WITH fm AS (SELECT user_id, DATE_FORMAT(MIN(created_at),'%Y-%m') AS cohort
FROM orders WHERE status='paid' GROUP BY user_id
), um AS (SELECT user_id, DATE_FORMAT(created_at,'%Y-%m') AS ym
FROM orders WHERE status='paid'
), base AS (
SELECT fm.cohort, um.ym,
TIMESTAMPDIFF(MONTH, STR_TO_DATE(CONCAT(fm.cohort,'-01'),'%Y-%m-%d'),
STR_TO_DATE(CONCAT(um.ym,'-01'),'%Y-%m-%d')) AS mo,
COUNT(DISTINCT um.user_id) AS buyers
FROM fm JOIN um USING(user_id)
GROUP BY fm.cohort, um.ym
)
SELECT cohort,
SUM(CASE WHEN mo=0 THEN buyers ELSE 0 END) AS m0,
SUM(CASE WHEN mo=1 THEN buyers ELSE 0 END) AS m1,
SUM(CASE WHEN mo=2 THEN buyers ELSE 0 END) AS m2,
SUM(CASE WHEN mo=3 THEN buyers ELSE 0 END) AS m3
FROM base GROUP BY cohort ORDER BY cohort;
练习 5(optimizer_trace):开启 trace,解释为何以下查询没有用到某个索引,并给出可索引化改写。

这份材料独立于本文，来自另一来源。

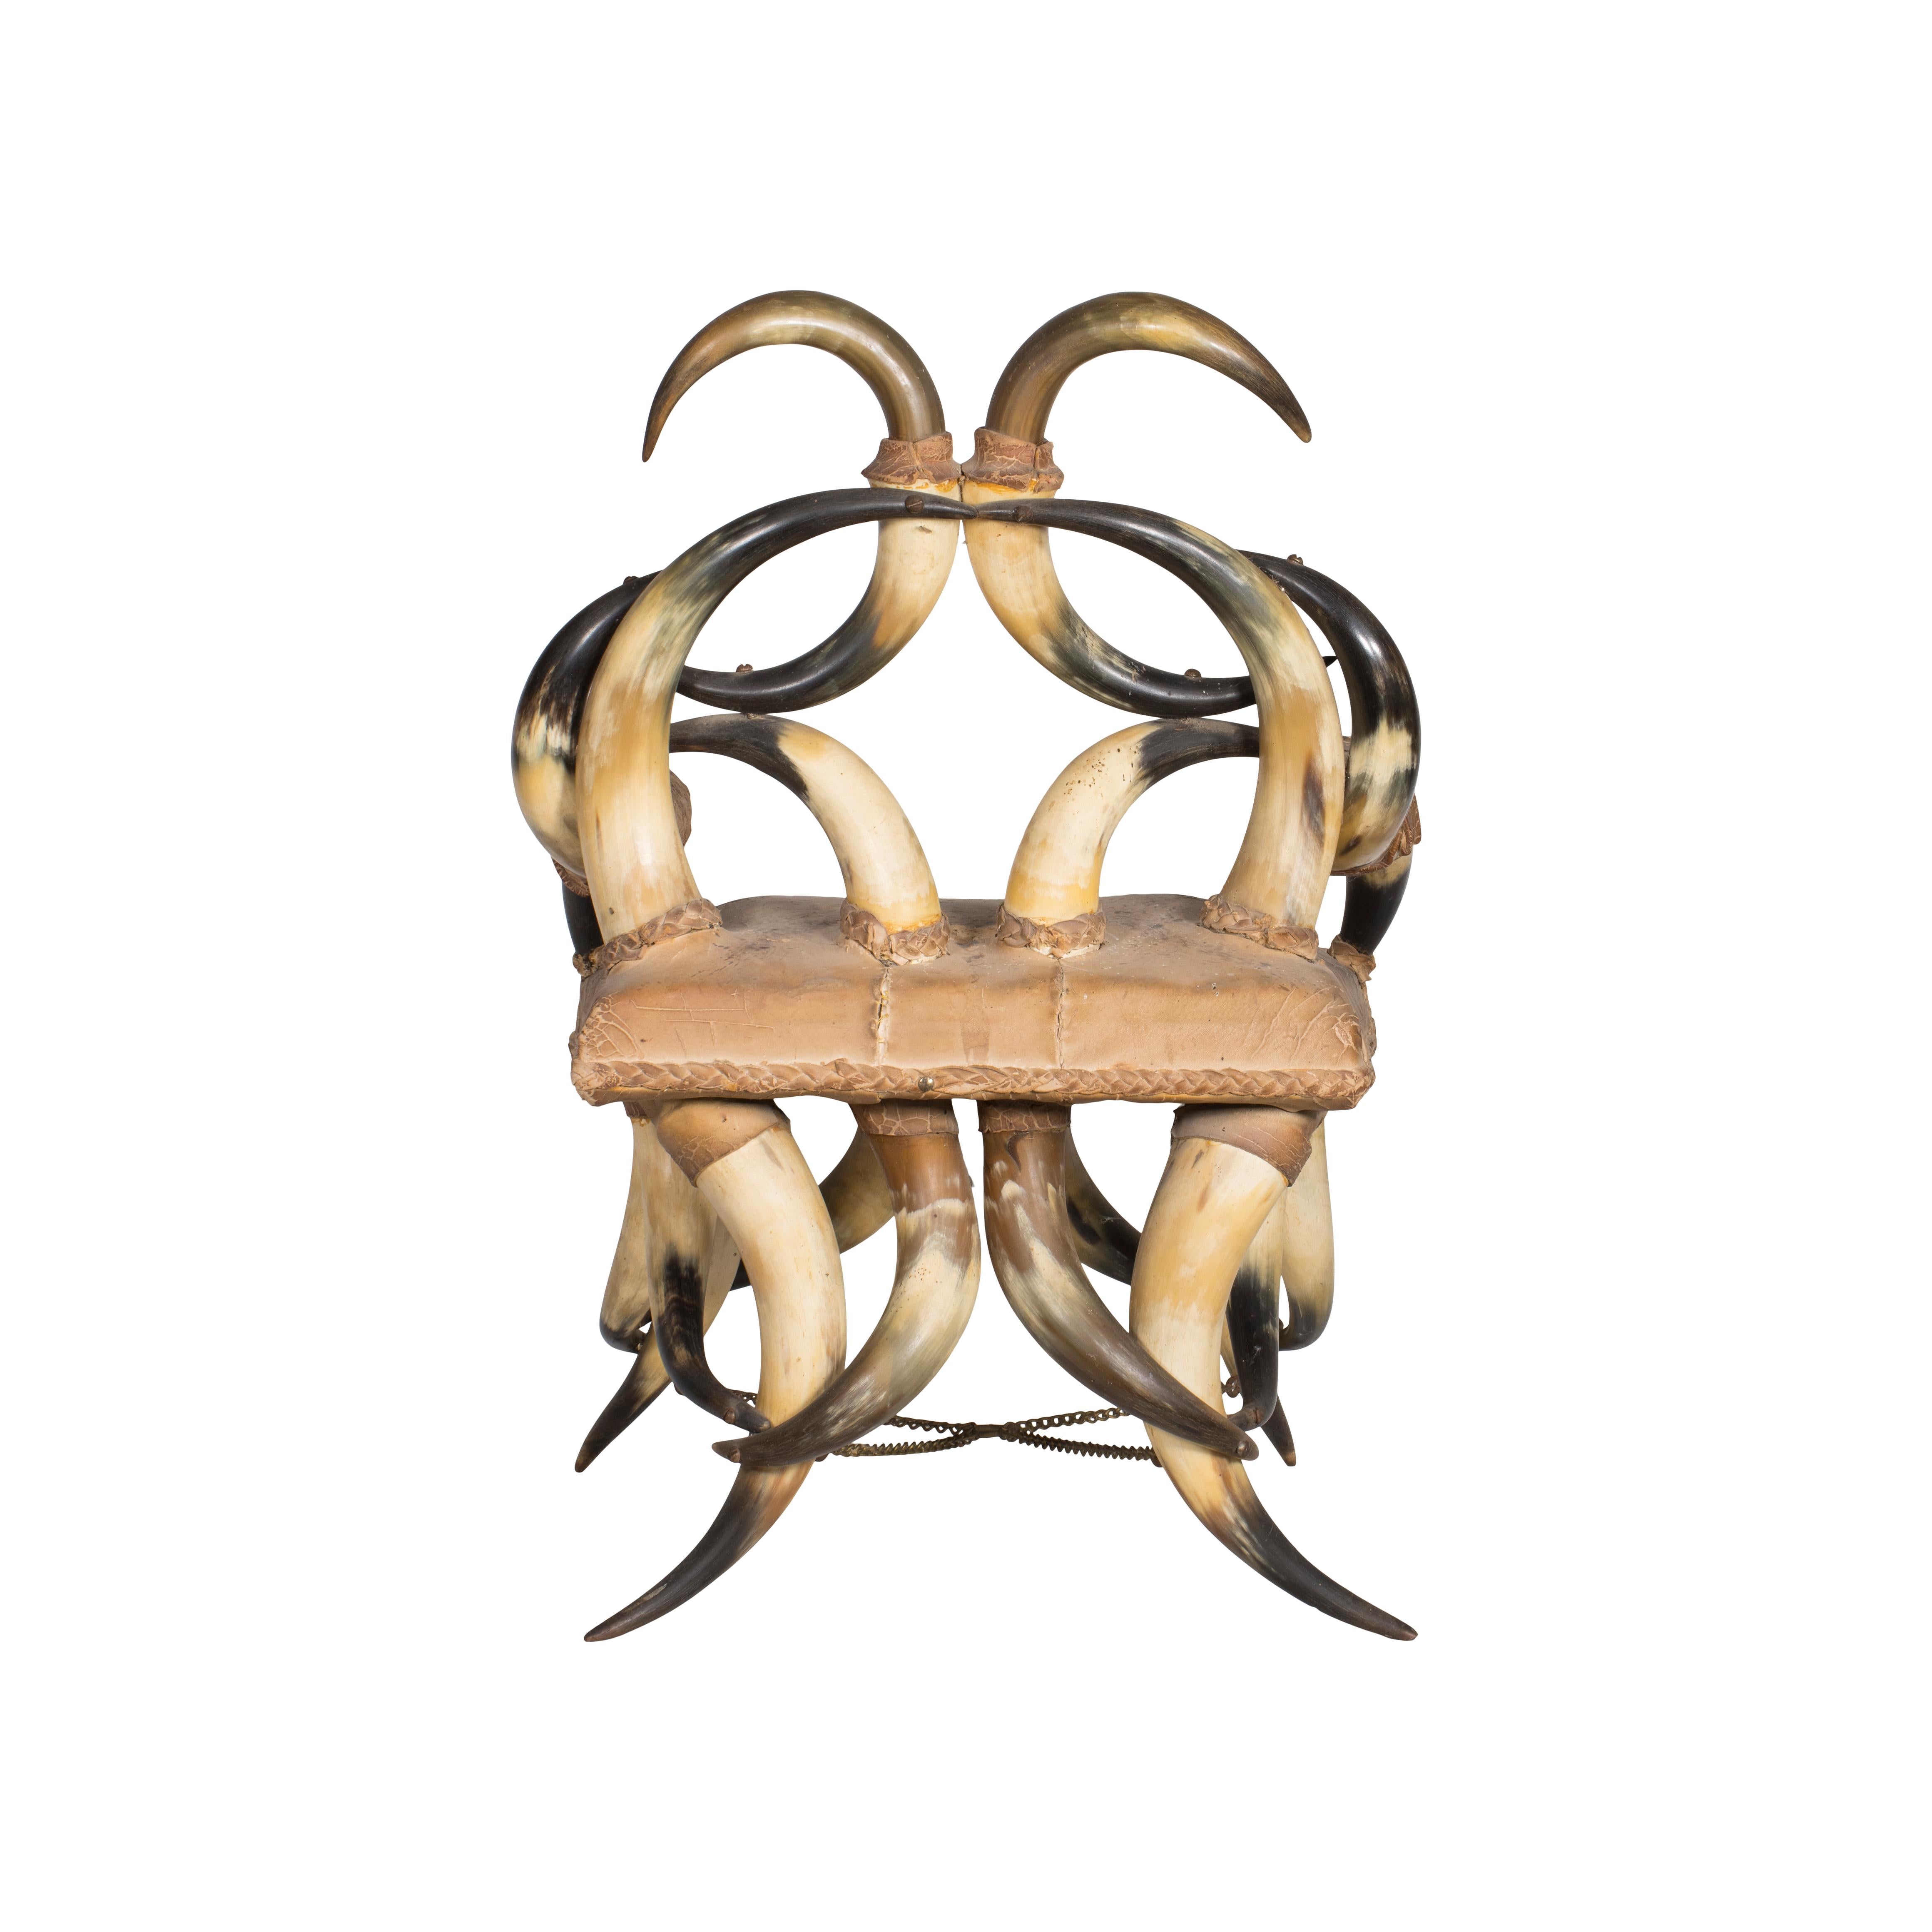 Vintage 24 Horn Beistellstuhl mit Originalpolsterung (könnte überarbeitet werden0. Die Basis des Stuhls ist komplett mit Hörnern gestaltet, ebenso wie die Rückenlehne und die Armlehnen. Der Sitz ist aus Vintage-Rindsleder. 21

SET optimizer_trace='enabled=on';
SELECT * FROM orders WHERE DATE(created_at)='2025-10-01'; -- 可能未走索引
SELECT * FROM INFORMATION_SCHEMA.OPTIMIZER_TRACE\G
SET optimizer_trace='enabled=off';
-- 改写:SELECT * FROM orders WHERE created_at>='2025-10-01' AND created_at<'2025-10-02';
小结
- 递归 CTE + 祖先映射解决“含子类”的统计与树遍历。
WITH ROLLUP直出小计 / 总计;动态透视靠条件聚合或动态 SQL。- Cohort 报表 = 首单分组 + 月偏移;区间连接需好索引与谓词顺序。
- optimizer_trace 帮你理解计划选择;物化汇总要 幂等 与增量。